Дом оказался последним на улице, уходящей в никуда, и, как водится, за пару участков до него асфальт закончился. Больше всего меня потрясло то, что с фасада строение совершенно скрывал высоченный забор из зеленого рифленого железа, который неожиданно обрывался через несколько метров, открывая вид на голое поле, поросшее цветущей сурепкой. Из-за забора доносился лязг и грохот металла. Я постучал ногой в наглухо запертые ворота без видимых отверстий. Калитка в них распахнулась мгновенно, и снизу вверх на меня воззрился юный джентльмен, столь чернявый, кудрявый и грязный, что невозможно было не признать в нем представителя вечно кочующего племени цыган.
– Э-э, уважаемый, тебе кого? – с наглым задором поинтересовалось дитя природы и, моментально сменив интонацию, привычно заныло: —Ой, дядя хороший, дай мне на хлеб, на еду, мамка болеет…
– Курить нечего, на мотоцикл не хватает? – добавил я и, отстранив бедром бойкого пацана, прошел во двор по склизкой доске, переброшенной через смачную глинистую лужу.
Мальчонка хотел было что-то добавить, но вдруг осекся и ринулся вперед. Подрезав меня возле крыльца, он вдруг заголосил:
– Нэ, чавалы 48! Ой, тетя Роза, к тебе пришли. Ой, гаджо 49 пришел. А дел те марег 50, принесла нелегкая…
В ответ на вопли цыганенка лязг и грохот стихли, а из-за дома немедленно высыпала куча детей в драной одежде с чужого плеча.
Я огляделся и обнаружил поблизости от недостроенного гаража стоящий прямо в поле обязательный белый «мерседес», который, весело препираясь, мыли цыганки лет двенадцати-пятнадцати от роду.
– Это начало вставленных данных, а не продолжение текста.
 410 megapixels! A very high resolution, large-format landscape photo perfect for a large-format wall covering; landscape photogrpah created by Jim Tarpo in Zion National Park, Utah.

Солнышко блестело на полированных боках механического коня, посверкивало над оцинкованной крышей дома и, стекая с водосточных труб, било мне прямо в левый глаз. Я прищурился.
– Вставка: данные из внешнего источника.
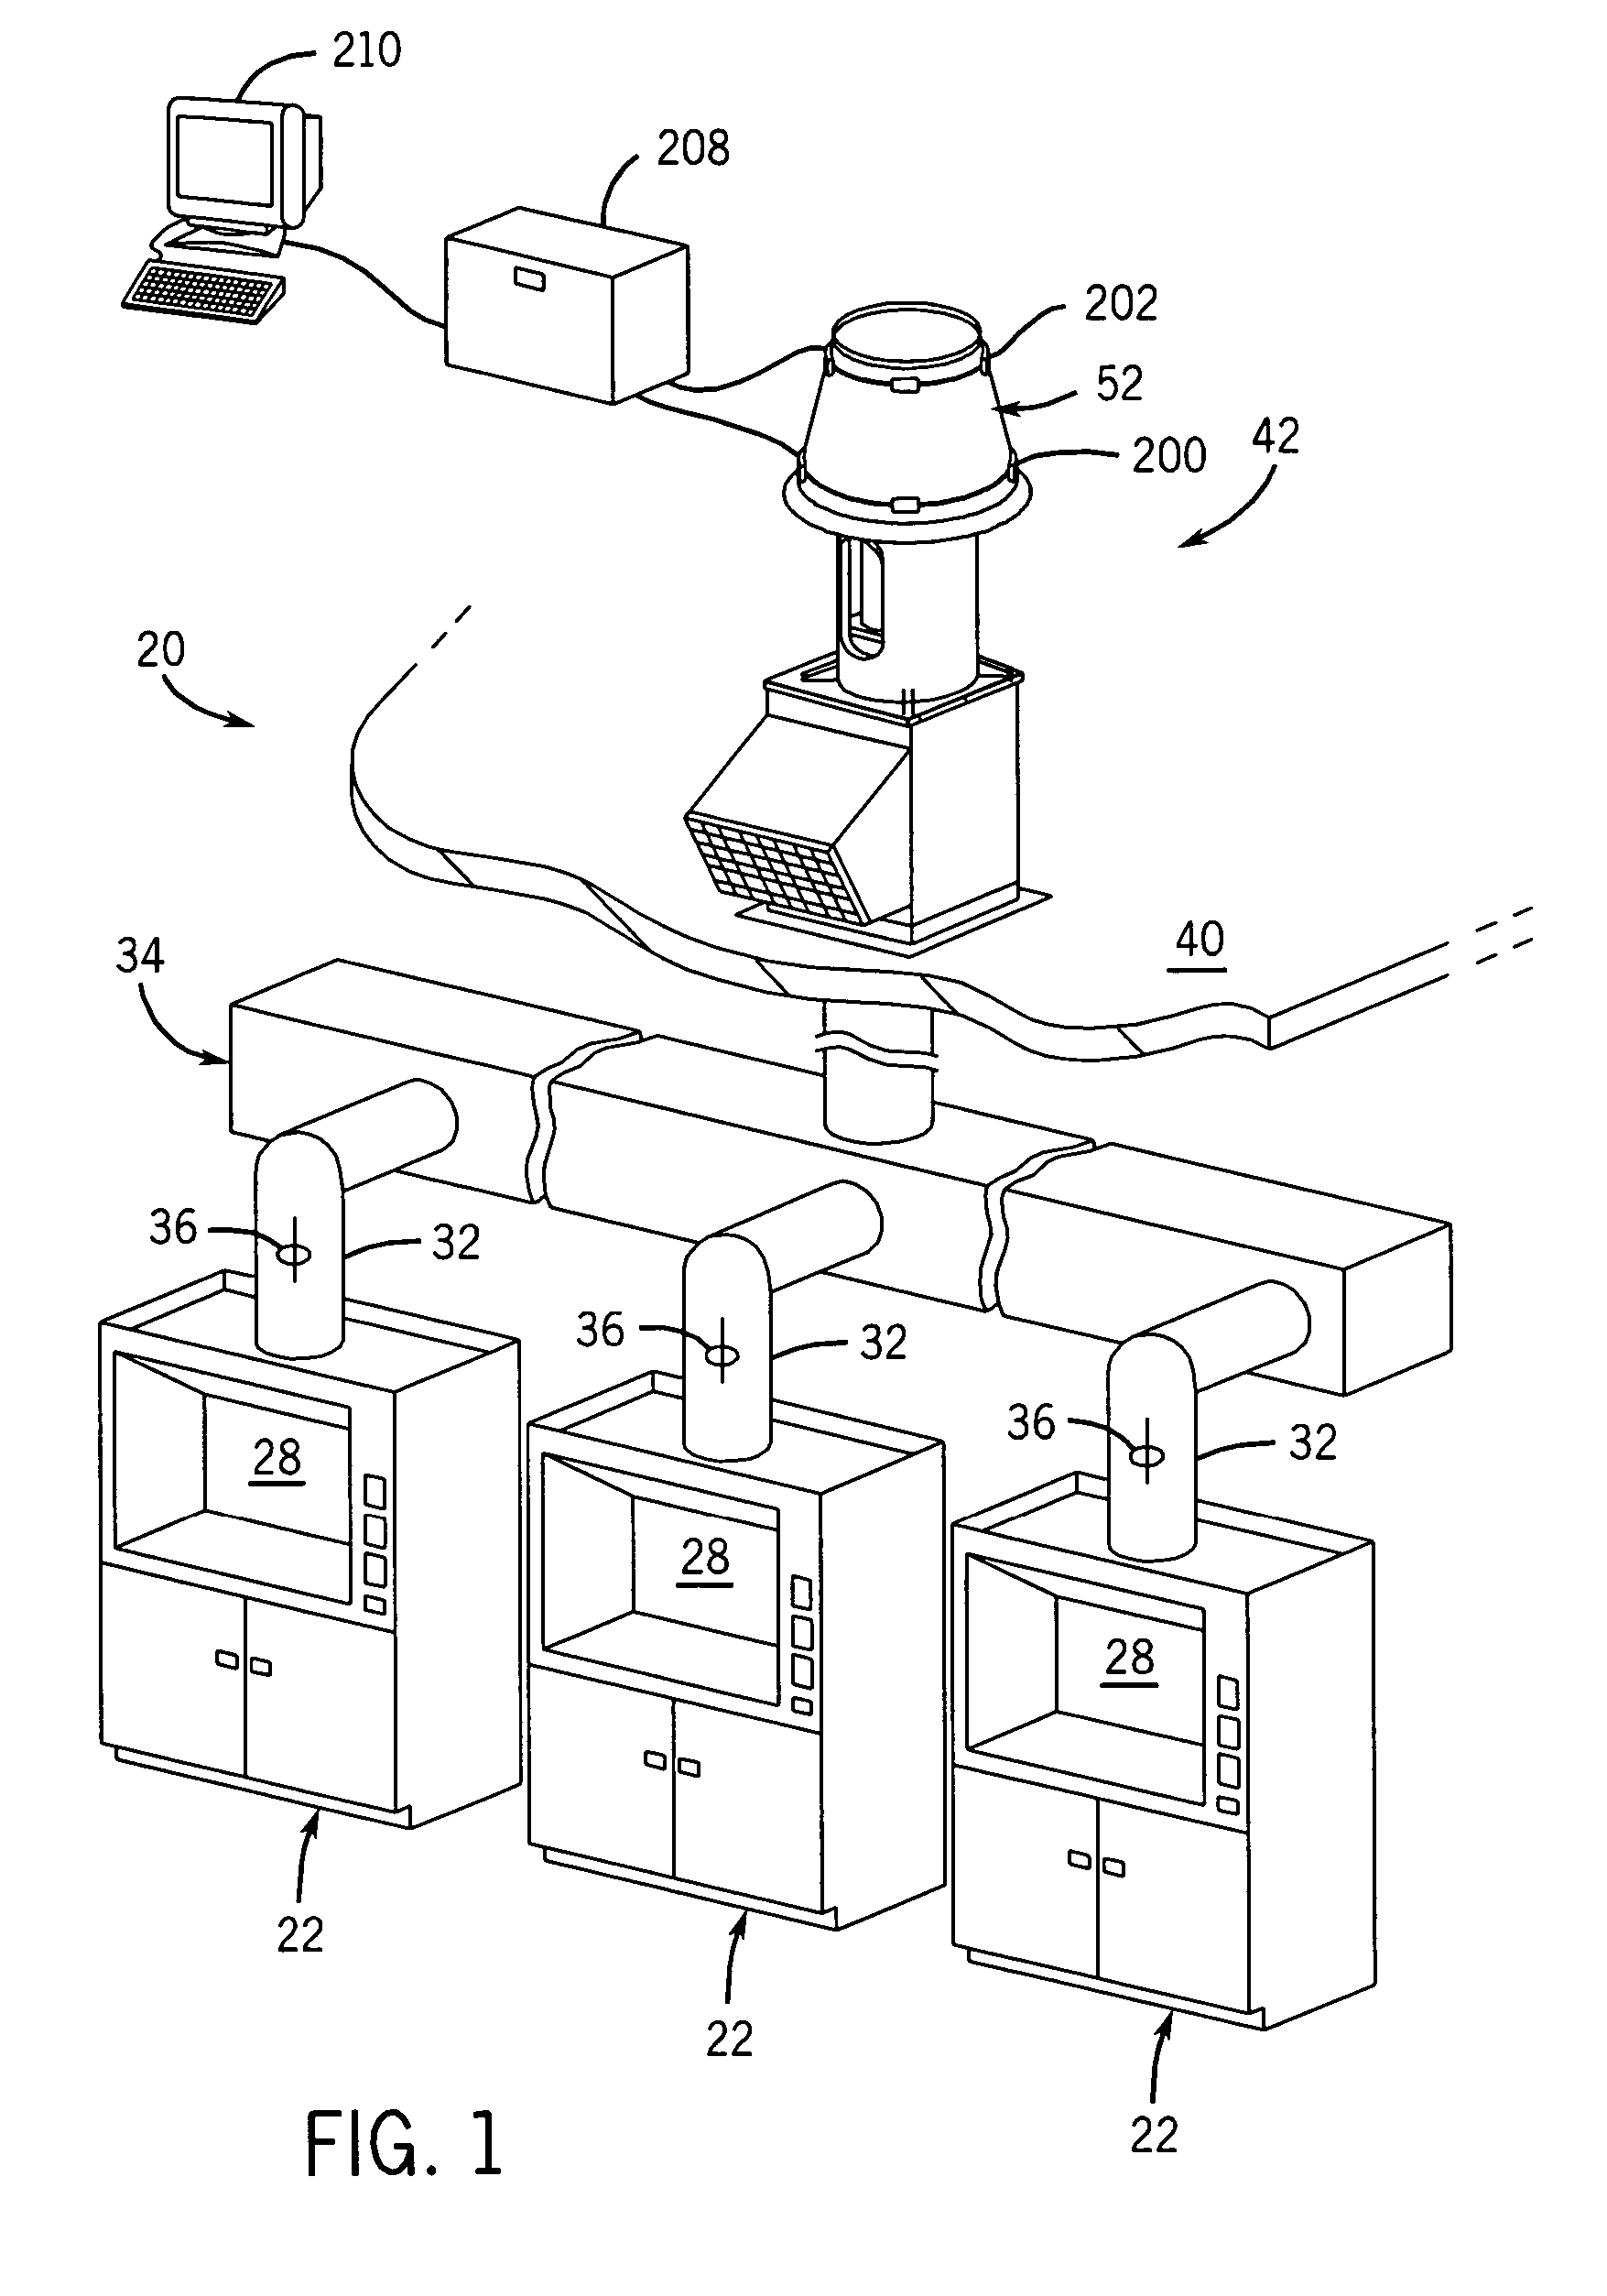 Induced flow fan with outlet flow measurement

Двор был загажен страшно. Помятые ржавые ведра и остатки велосипедов, кучи вонючего тряпья и проржавевший остов «шестерки» без дверей и капота, кухонные отбросы и останки ящиков гнили вперемешку с драными пакетами и кроссовками без подошв. Выбитая колесами и ногами грязь перемежалась с кустистыми островками зелени, а на бесконечных бельевых веревках сушились одеяла и какие-то расписные кацавейки, в обрамлении пестрого безумства широченных юбок.
Тем временем на крыльцо вышли две цыганки в длинных юбках и шерстяных кофтах. Головы их были повязаны разноцветными платками, на шеях бряцали гирлянды бус, а из ушей каждой свешивались длинные серьги. Они кивали в мою сторону головой и о чем-то тихо переговаривались. Мужчин не было видно.
– Эй, дядя, чего тебе? – наконец крикнула одна из них, старшая и самая бойкая.
– Я думал, вы мне скажете, зачем я к вам пришел, – я сделал шаг в их сторону.
– Ищешь кого, дорогой, или потерял что? – спросила та же цыганка со смуглым лицом в сеточке морщин.
– Ищу и потерял. Сказали мне, что у вас моя вещь или знаете, где лежит, – продолжал я импровизировать на ходу.
– Ой, мы чужого не берем, мы людей не обманываем, дорогой. Зачем плохо про нас думаешь?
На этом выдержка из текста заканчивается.